“Anyway, like I was sayin’, shrimp is the fruit of the sea. You can barbecue it, boil it, broil it, bake it, saute it. Dey’s uh, shrimp-kabobs, shrimp creole, shrimp gumbo. Pan fried, deep fried, stir-fried. There’s pineapple shrimp, lemon shrimp, coconut shrimp, pepper shrimp, shrimp soup, shrimp stew, shrimp salad, shrimp and potatoes, shrimp burger, shrimp sandwich. That- that’s about it.” Bubba from Forrest Gump (1994)
Bubba was on to something when he said shrimp is the fruit of the sea. Shrimp can be incorporated in about any dish.
We ate at my favorite Chinese restaurant this past Friday night, Golden Palace, and I had my go-to healthy dish: Steamed Shrimp and Vegetables. First, let me say that the Golden Palace is a diamond in the rough. Golden Palace personifies the statement “you can’t judge a book by its cover.” We ate there for the first time with friends of ours and when we pulled up, I was confused . We drove 45-minutes away from our house to this shabby, whole in the wall restaurant and I was thinking “why did we pass 100 other Chinese restaurants that looked a hell of a lot better than this one, to eat here.” I sulked into the restaurant and braced myself for food poisoning the next day.

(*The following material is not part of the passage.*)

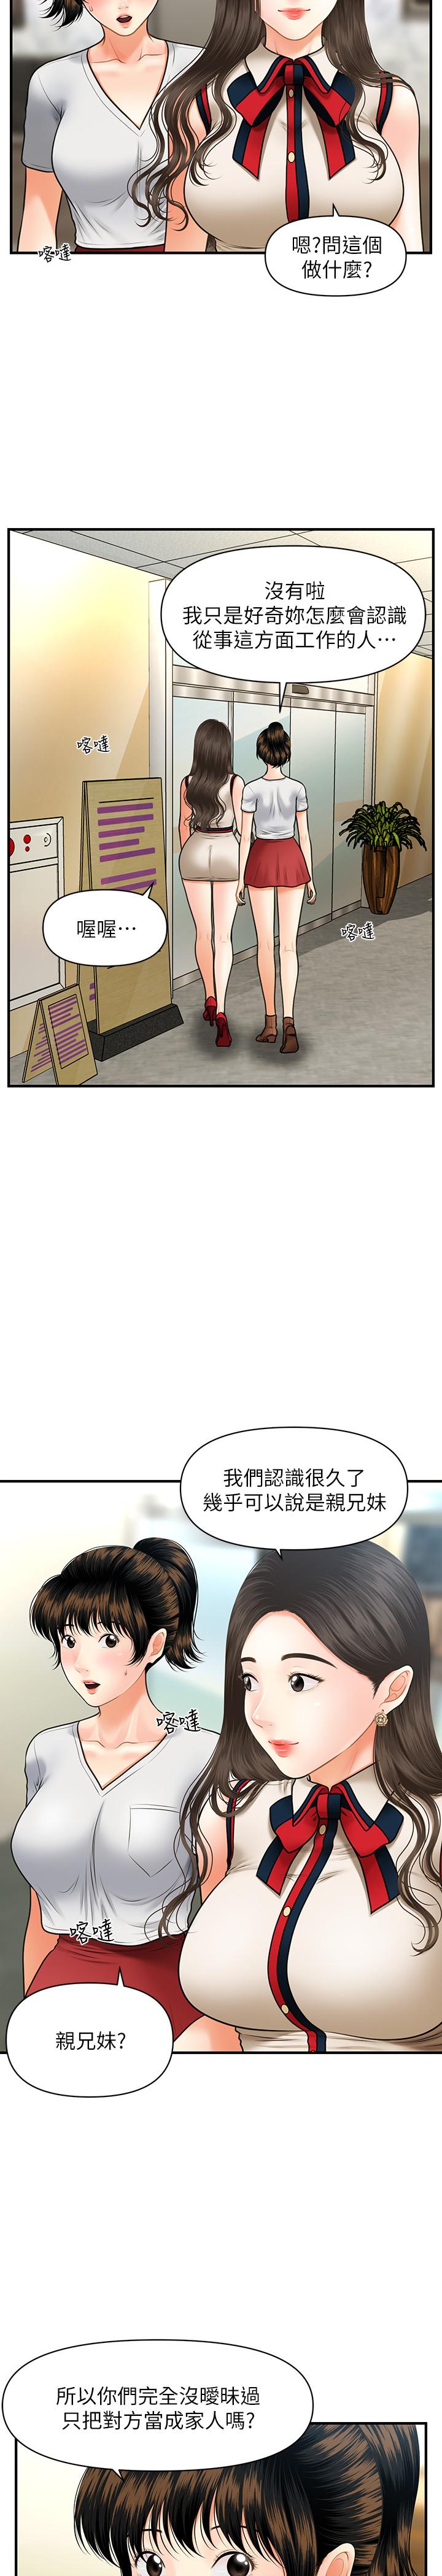 《医美奇鸡》漫画 第10话 - 主动求欢的婕妤

Not for the first time in my life, I was wrong. I ordered the steamed shrimp and vegetables because it is the healthiest item on the menu at a Chinese restaurant. At most restaurants, this dish is pretty much flavorless because they just stick broccoli, snow peas, carrots, mushrooms and shrimp into a bamboo steamer and cook with no salt, spices, sauce or butter.
Wow. I was amazed! Their version of this dish was full of flavor and cooked perfectly! They must use spices in the steamer to give flavor without fat. Hands-down, this is the best steamed shrimp dish I’ve ever had. I even asked them once “C’mon, you guys put something in this right? MSG? Oil? Tell me why this is so good.”
I omitted one detail though. The reason why The Golden Palace is so wonderful is not just because of their amazing food, although that could win them this honor alone. No, it is because of their outstanding service. We go there about once a month and every time we go, they have “our table” ready for us, as we are a party of six because we go with friends. They remember our names and what we like “No Onions, Right?” The waiter says to our friend. “Allergic to shrimp, right?” he says to my husband. They also bring us a special dish “on the house” every time we go. Sometimes they bring us an appetizer, like this awesome meat on a skewer dish, where you actually cook the meat at your table on a tiny burner with an open flame. One time it was a cake. Another time it was lettuce wraps.
So, yeah, we drive 45-minute minutes out of our way for dinner about once a month, but it is so worth it!
Speaking of shrimp, they are one of the healthiest foods on the planet because they are lean, high in protein, rich in nutrients and low calorie. One 3-ounce serving of shrimp has 17 grams of protein and only 90 calories! This same serving size has 46% of the Daily Value of selenium, which is a cancer-fighting nutrient. Do you remember when I posted about the health benefits of salmon? Read the post, and see where I mention that one of the many reasons why we should eat Wild Alaskan Salmon is because the wild salmon get their pink color from shrimp? Well, the name of that pigment that gives shrimp their color is astaxanthin. Astaxathin is a strong antioxidant and studies show that astaxathin is actually 100 times more effective as an antioxidant than vitamin E!
My husband just recently learned that he is allergic to shrimp and my Mom is allergic as well, so I do think my kids should be cautious about their consumption since it runs in the family on both sides. But, even so, their absolute favorite dish I make is shrimp and grits. Sometimes I’ll make this ahead of time and refrigerate it so we can have a quick and easy dinner after work.
Shrimp and Grits Casserole
- 1 pound shrimp (cooked, peeled, tail-off) coarsely chopped
- 3 oz. cream cheese
- ½ cup parmesan cheese
- 2 cups skim milk
- ¾ cup chicken broth
- 1 cup quick-cooking grits
- 3 Tbsp parsley
- 1 Tbsp lemon juice
- 2 large egg whites
- Cooking Spray
- Preheat the oven to 375
- Combine milk and broth in medium saucepan; bring to a boil. Gradually add grits and salt, stirring constantly with a whisk. Cook for 5 minutes, stirring constantly (constantly is the key to making the grits work)
- Stir in the parmesan and cream cheese until smooth. Add parsley, lemon juice, egg whites and shrimp.
- Spray a 11X7 inch dish with cooking spray and then spoon in the mixture.
- Bake at 375 for 25 minutes.
Do you like shrimp? Do you have a favorite shrimp dish? Please share!